10.5. Débats autour des questions soumises aux jurés

Le Président : Les parties civiles souhaitent-elles également intervenir en ce qui concerne la demande formulée par la défense, la ou les demandes formulées par la défense de Monsieur NTEZIMANA ? Oui, Maître HIRSCH ?

Me. HIRSCH : Un tout petit point, Monsieur le président. Dans la mesure où on n’a jamais retrouvé les listes d’évacuation, on ne sait pas finalement qui, notamment au niveau du professeur KARENZI était inscrit sur ces listes. Moi, je suis partie du point de vue que se trouvaient sur la liste tous les gens qui faisaient partie de la maisonnée de Monsieur KARENZI et notamment, les enfants qui avaient trouvé refuge chez lui, et qui ne font pas partie de sa famille.

Le Président : D’autres observations de partie civile ? Oui, Maître BEAUTHIER ?

Me. BEAUTHIER : Je ne vais pas plaider, Monsieur le président ? On pourrait dire procès historique, conclusions historiques. Tout le monde appréciera qu’à la fin des débats on veuille tenter d’appliquer le calque du génocide, je veux dire le calque légal du génocide. Il faut quand même savoir que la loi de 99, la loi de 93, est le décalque évidemment au niveau de tout ce que vous avez décidé ce matin. Pour ce qui nous concerne, il est bien évident que, mis à part ce problème de date, 99, 93 avec des faits qu’on resitue en 94, si par impossible devait être fait droit, il faudrait alors que dans chacune des questions, vous fassiez le décalque du génocide ou du crime contre l’humanité. Parce que ça ne va pas de poser la question, on n’est pas ici dans un cours d’histoire, je le lis : « Y a-t-il génocide au Rwanda durant la même période ? ». Est-ce que c’est le summum du révisionnisme, ou bien est-ce que c’est simplement une question juridique mais alors la faut la poser dans chacune des questions.

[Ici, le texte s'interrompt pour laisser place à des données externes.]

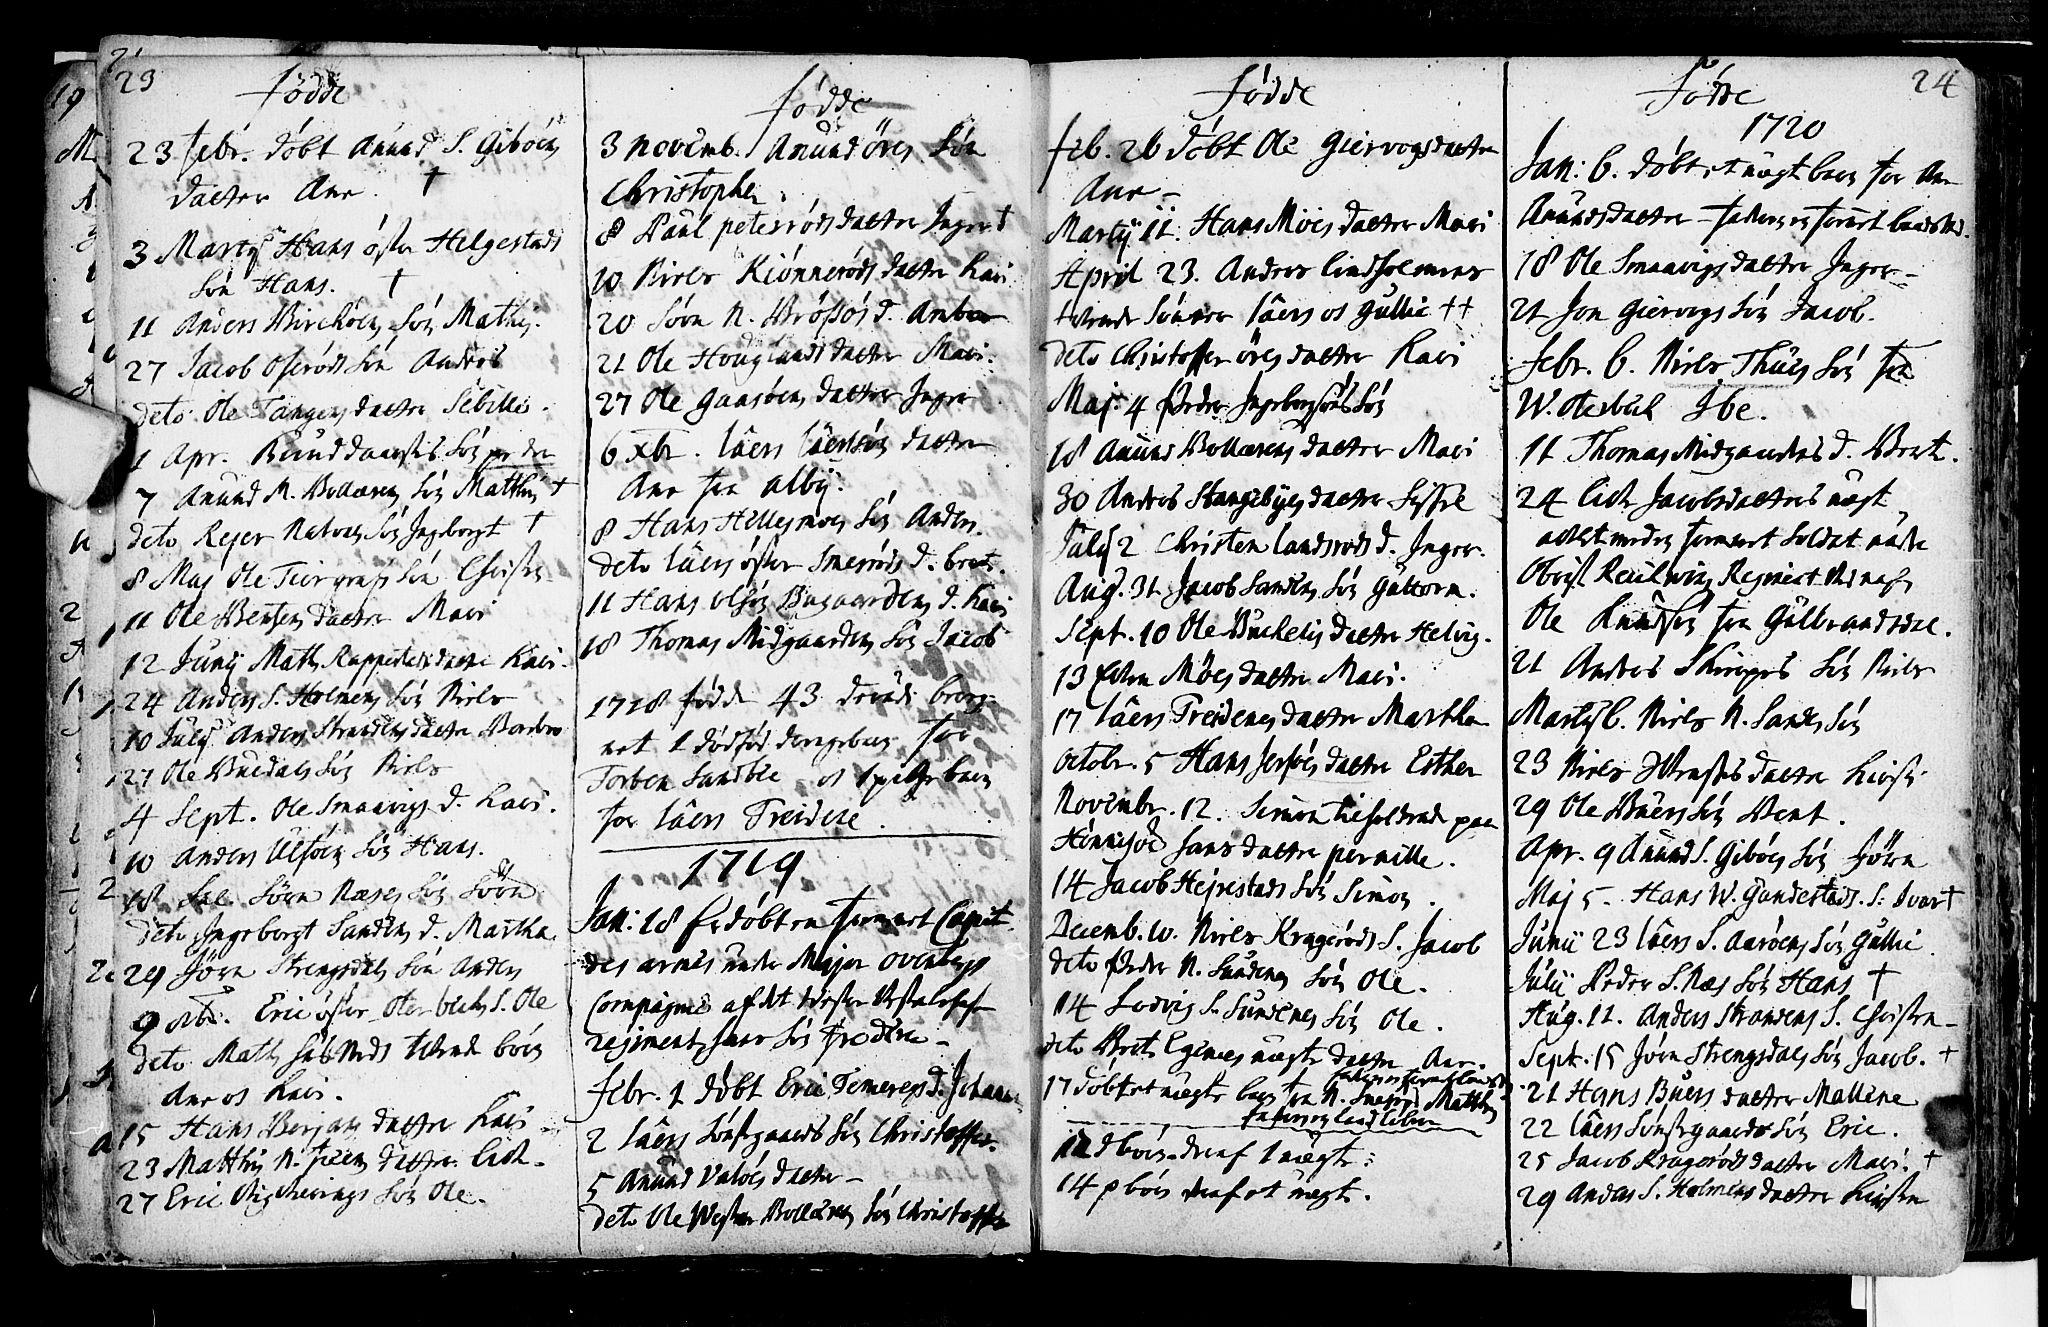 SAKO, Nøtterøy kirkebøker, F/Fa/L0001: Ministerialbok nr. I 1, 1686-1738, s. 23-24

Pour ce qui concerne la deuxième partie, il est bien évident, je vais me taire par rapport à ce que je voulais dire, mais c’est tout de même un peu fort de dire : « Membre du personnel de l’Université nationale du Rwanda », alors qu’on sait que ces listes concernaient pas uniquement les membres, qu’il y avait des membres de la famille alors par cette peau de banane on essaie de faire... Ça ne va pas. Je vous remercie

Le Président : D’autres observations de la part de parties civiles ? On va peut-être suspendre cinq minutes, le temps d’avoir les photocopies. Puisqu’il serait souhaitable que tout le monde dispose des éléments. Bon, l’audience est suspendue, elle reprend d’ici 5-6 minutes. Quand on a les photocopies !

[Suspension d’audience]

Le Président : L’audience est reprise. Vous pouvez vous asseoir. Les accusés peuvent prendre place. Alors, les parties ont-elles reçu copie des conclusions de la défense de Monsieur HIGANIRO. Je crois que c’est le cas ? Alors on distribue maintenant au jury et aux parties, à moins que ce ne soit déjà fait, le document que la défense de Madame MUKANGANGO souhaite... Je vais alors donner la parole à Maître EVRARD.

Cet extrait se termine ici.